Current State: Fully functional with all ML models trained and Kaggle dataset loaded. Interactive Streamlit dashboard running on port 5000.
- Frontend: Streamlit (running on port 5000)
- ML Models: XGBoost, LightGBM, scikit-learn
- Data Processing: pandas, numpy
- Visualization: plotly, matplotlib, seaborn
- Interpretability: SHAP
├── app.py # Main Streamlit dashboard application
├── src/
│ ├── config.py # Configuration and paths
│ ├── ui_config.py # UI constants and styling
│ ├── app_utils.py # Dashboard utility functions
│ ├── data_loading.py # Data loading functions
│ ├── feature_engineering.py # Feature engineering pipeline
│ ├── modeling_valuations.py # M1, M2, M3 training
│ ├── modeling_breakouts.py # M4 training
│ ├── analytics_aging.py # Aging curve analysis
│ └── utils.py # General utilities
├── data/
│ ├── raw/ # Raw CSV files from Kaggle (user must download)
│ └── processed/ # Processed datasets (generated by scripts)
├── models/ # Trained ML models (generated)

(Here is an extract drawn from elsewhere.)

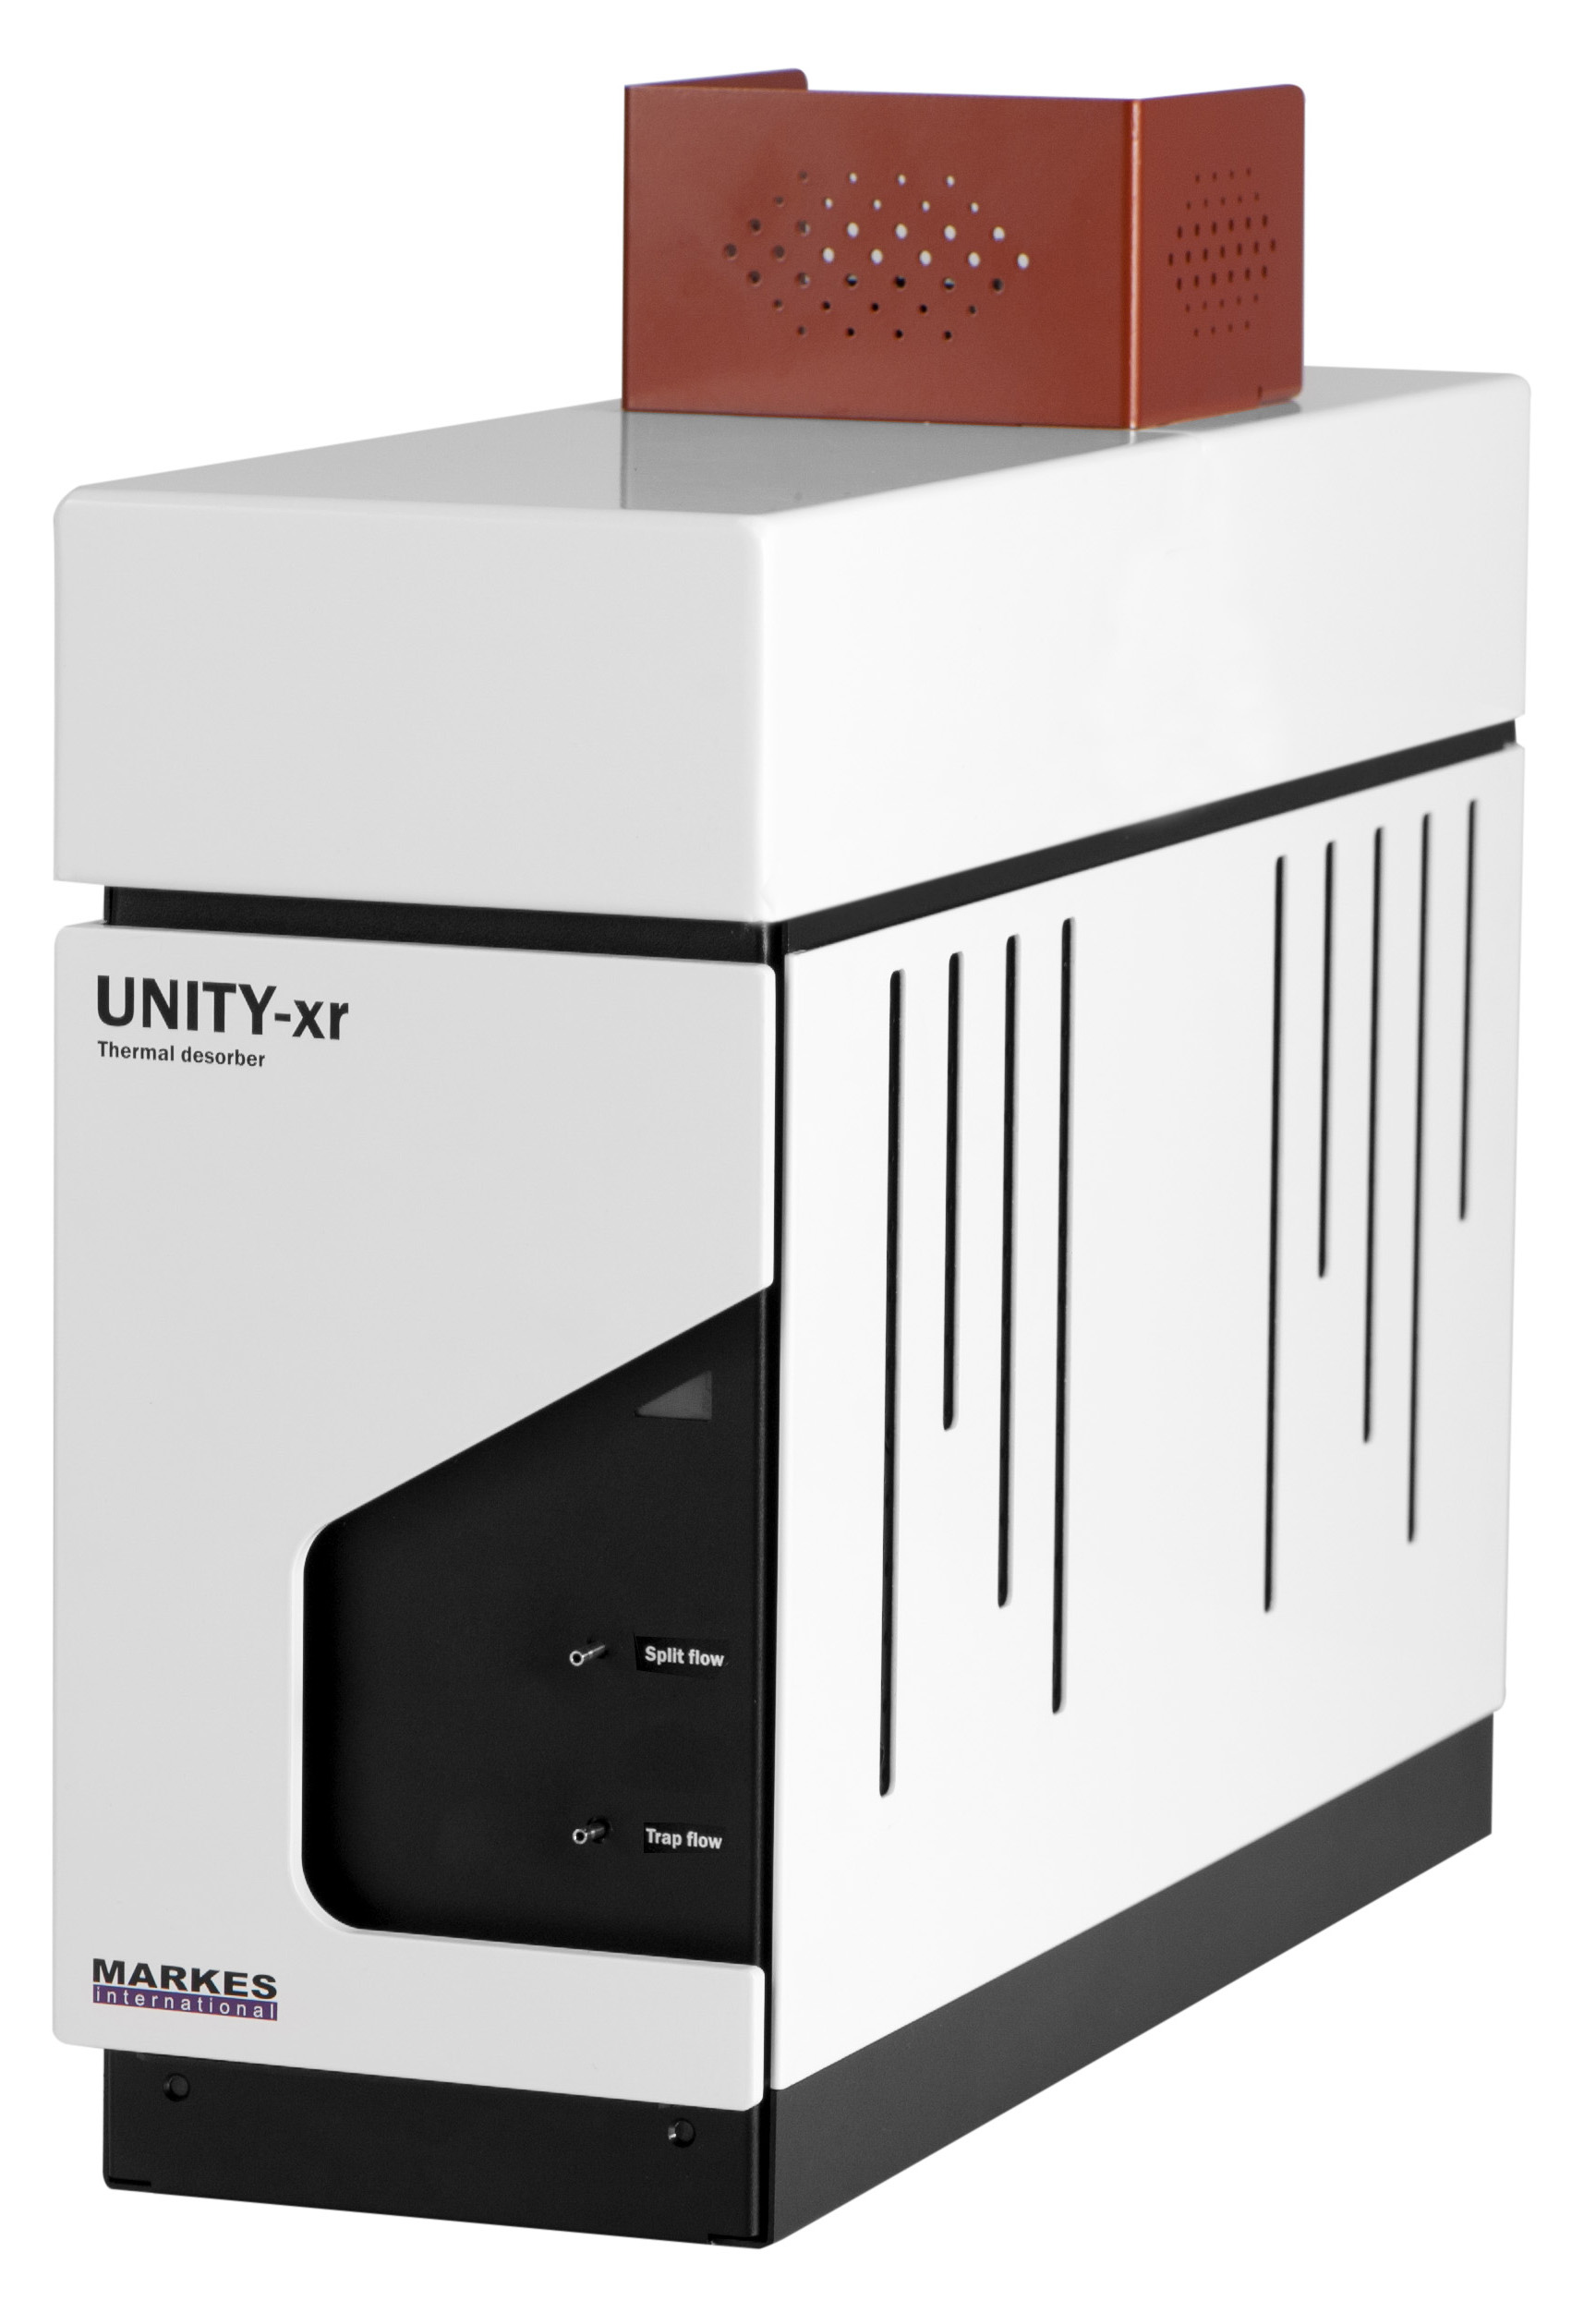 UNITY- xr – Sistema analítico de dessorção térmica

├── reports/ # SHAP summaries and metrics (generated)
└── tests/ # Unit tests
- M1: Transfer Fee Regression - Predicts transfer fees based on player stats
- M2: Market Value Model - Explains/predicts player market values
- M3: Transfer Outcome Classifier - Classifies transfer success
- M4: Breakout Candidate Classifier - Identifies young players with high growth potential
The Streamlit dashboard provides 6 interactive tabs:
- Undervalued Players - Find players whose predicted value exceeds market value
- Breakout Candidates - Young players with high growth probability
- Player Development - Aging curves showing value vs age by position
- Player Lookup - Search for specific players
- Transfer Insights - Historical transfer analysis
- Guide & Explainability - Model documentation
2025-11-21: Complete setup with trained models
- Installed Python 3.11 and all dependencies from requirements.txt
- Created necessary directories (data/raw, data/processed, models, reports)

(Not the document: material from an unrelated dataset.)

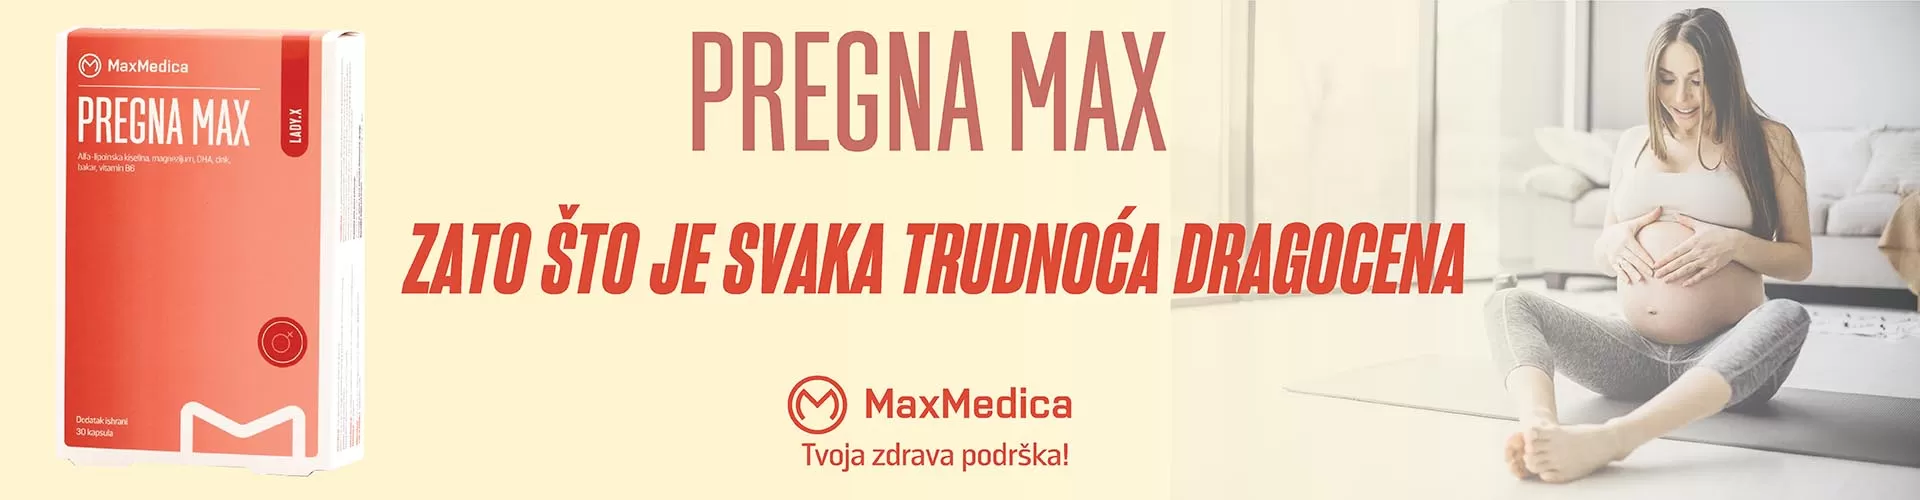 Max medica
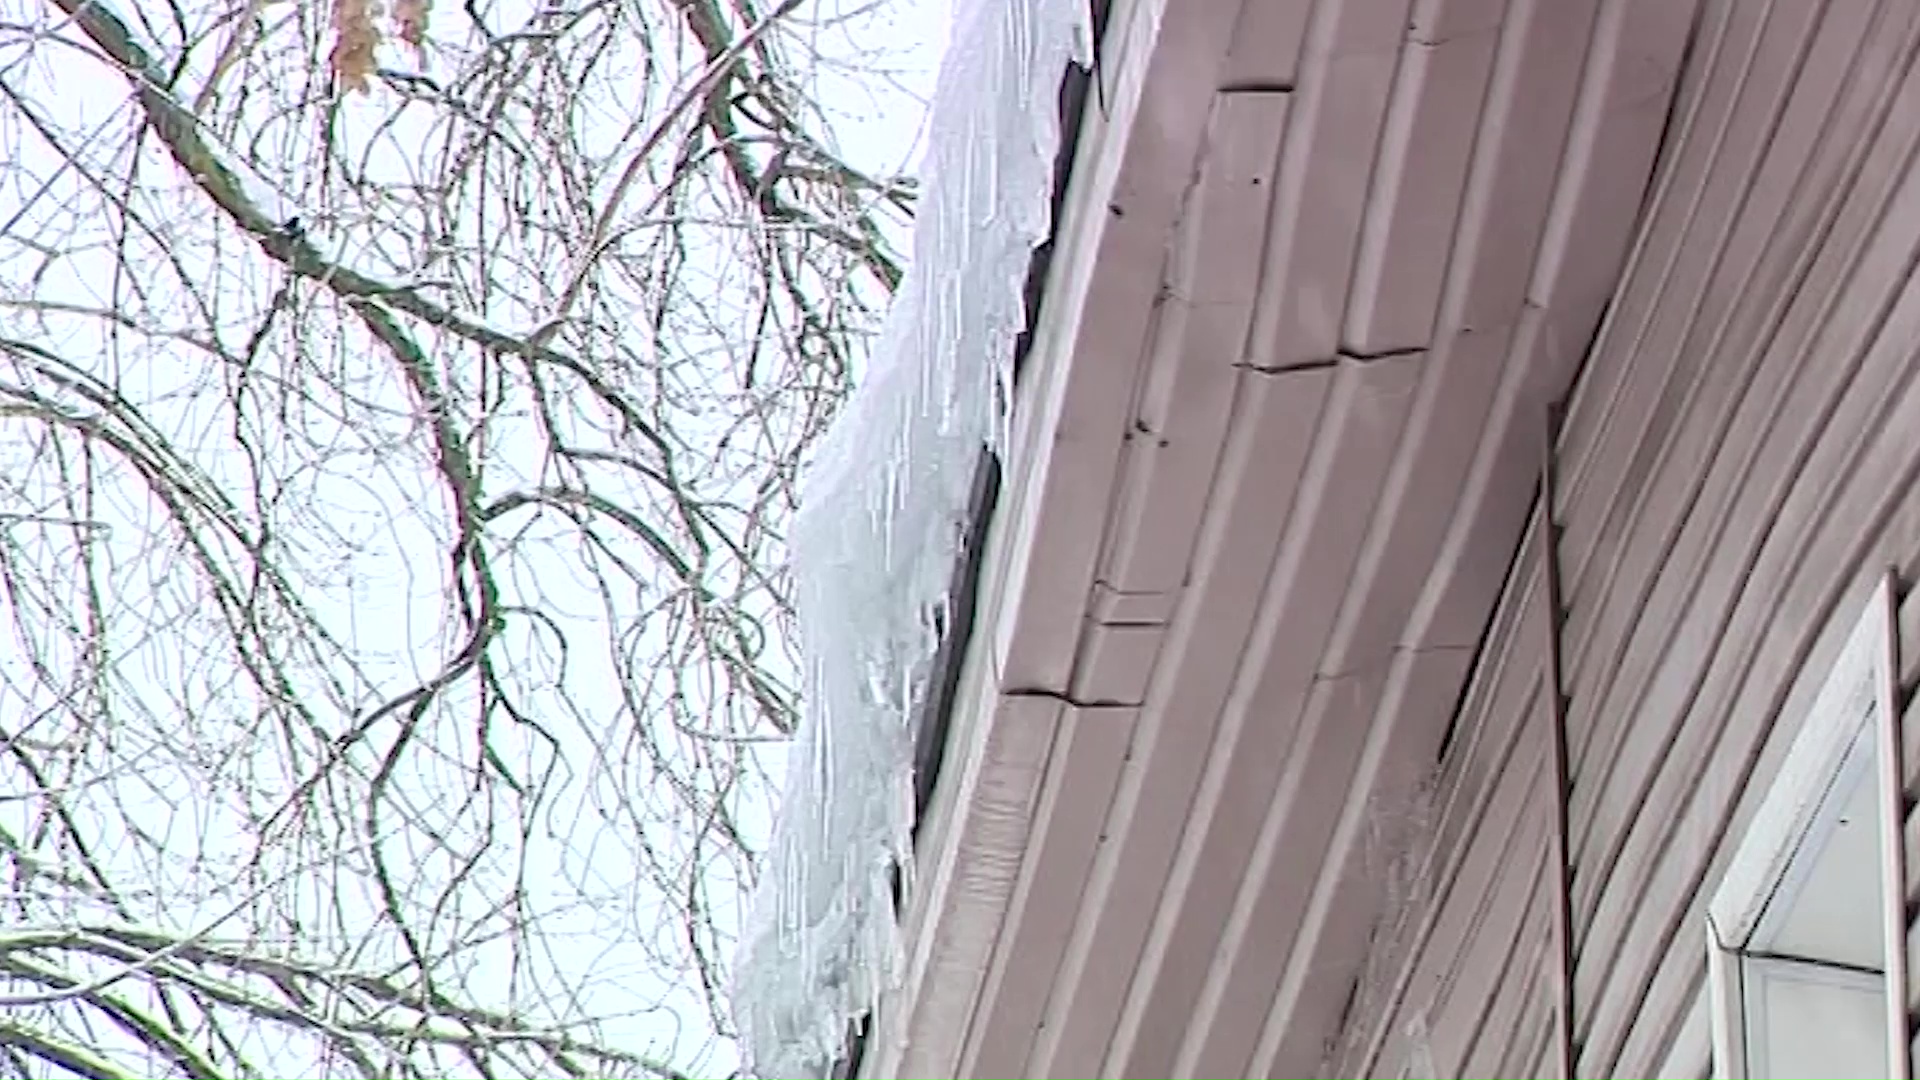 Экс-сотруднику УФСИН грозит пять лет колонии за падение на прохожую тяжелой глыбы льда с крыши

- Configured Streamlit to run on 0.0.0.0:5000 with CORS disabled for Replit proxy
- Set up workflow for Streamlit dashboard
- Downloaded Kaggle player-scores dataset (165MB, 10 CSV files)
- Ran feature engineering pipeline - created all processed datasets
- Trained all ML models with excellent performance:
- M1 Transfer Fee: R² = 0.96, RMSE = €2.27M
- M2 Market Value: R² = 0.82, RMSE = €2.57M
- M3 Transfer Outcome: Accuracy = 61%
- M4 Breakout Classifier: Accuracy = 80%, F1 = 0.79
- Installed gcc-unwrapped system dependency for LightGBM support
- Application fully functional with all 6 dashboard tabs operational
None recorded yet.
The Streamlit dashboard is configured to run automatically. Simply click the "Run" button or the workflow will start it on port 5000.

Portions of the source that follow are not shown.